Это, разумеется, польстило хозяину дома.

— В эти книги я вложил целое состояние! — признался он с гордостью. — У каждого человека своя страсть. Любовь к книгам по юриспруденции я питал всю жизнь и питаю до сих пор. Только знаете… — Брашовяну взглянул на дверь, за которой исчезла жена, и, понизив голос, продолжал: — Величайшее несчастье нашей семьи в том, что у нас нет детей! Кому останется дом, библиотека? Ведь не возьмем же мы все это с собой на тот свет? — И, перейдя на более веселый тон, добавил: — Но это другой разговор… Ну, рассказывайте, что привело вас ко мне?

Фрунзэ был покорен приятным обращением хозяина, его манерой держаться, которая так контрастировала со строгостью окружающей обстановки. Понравилась ему и подчеркнутая простота в одежде хозяина — на нем была рубашка с короткими рукавами, поношенные штаны, а на ногах стоптанные тапочки. И все-таки в адвокате было что-то очень знакомое. «Своей полнотой и лысиной он напоминает нашего бакалейщика», — вспомнил наконец Фрунзэ.

Они сели по краям чуть продавленного дивана, и довольно большое расстояние, разделявшее их, позволяло им беспрепятственно изучать друг друга.

— Итак, чем могу быть полезен? — начал разговор адвокат.

На столике, справа от дивана, Фрунзэ увидел пепельницу и старинную курительную трубку. Брашовяну взял трубку, поиграл ею и, не зажигая, сунул в рот.

— Я бросил курить и не пью кофе… Знаете, с годами непременно развивается холецистит, поднимается давление и одолевают другие неприятности… Врачи настоятельно советуют мне не курить. — Голос его был приятен, мелодичен и вместе с тем необычайно энергичен.
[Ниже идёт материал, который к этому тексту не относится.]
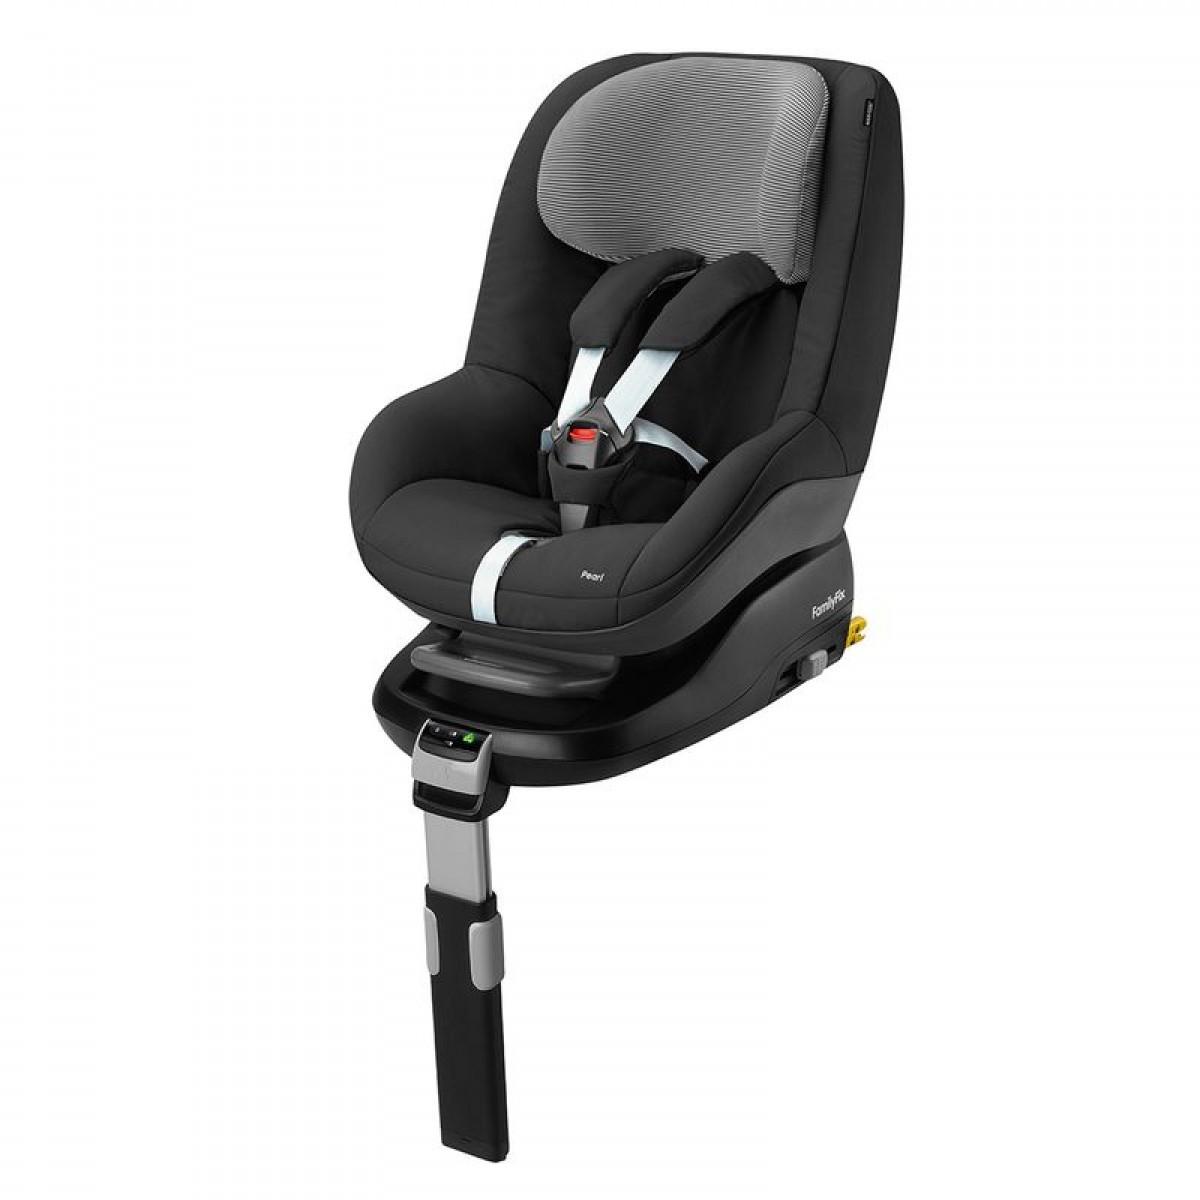 Maxi Cosi Black Raven Car Seat

Фрунзэ протянул адвокату свое удостоверение. Брашовяну с интересом принялся его рассматривать.

— Капитан?! Слушаю вас, товарищ капитан! — произнес он после того, как возвратил документ. Удобно устроившись в своем углу на диване, он положил ногу на ногу и с наслаждением посасывал трубку. — С самого начала мне бы хотелось вас предупредить, что если речь пойдет об одном из моих клиентов, то, вы ведь знаете, согласно нашему уставу, я вам не дам информацию, которая могла бы определить позицию суда в инстанции по отношению к моему клиенту.

— Товарищ адвокат, вы кое-что предугадываете. Но это неплохо, так как этим самым вы облегчаете мою задачу… Разрешите закурить?

— Пожалуйста, — обрадовался Брашовяну. — По этому случаю и я подышу табачком.

— В самом деле, речи идет о вашем клиенте, — начал Фрунзэ после того, как зажег сигарету, — но о клиенте двадцатилетней давности.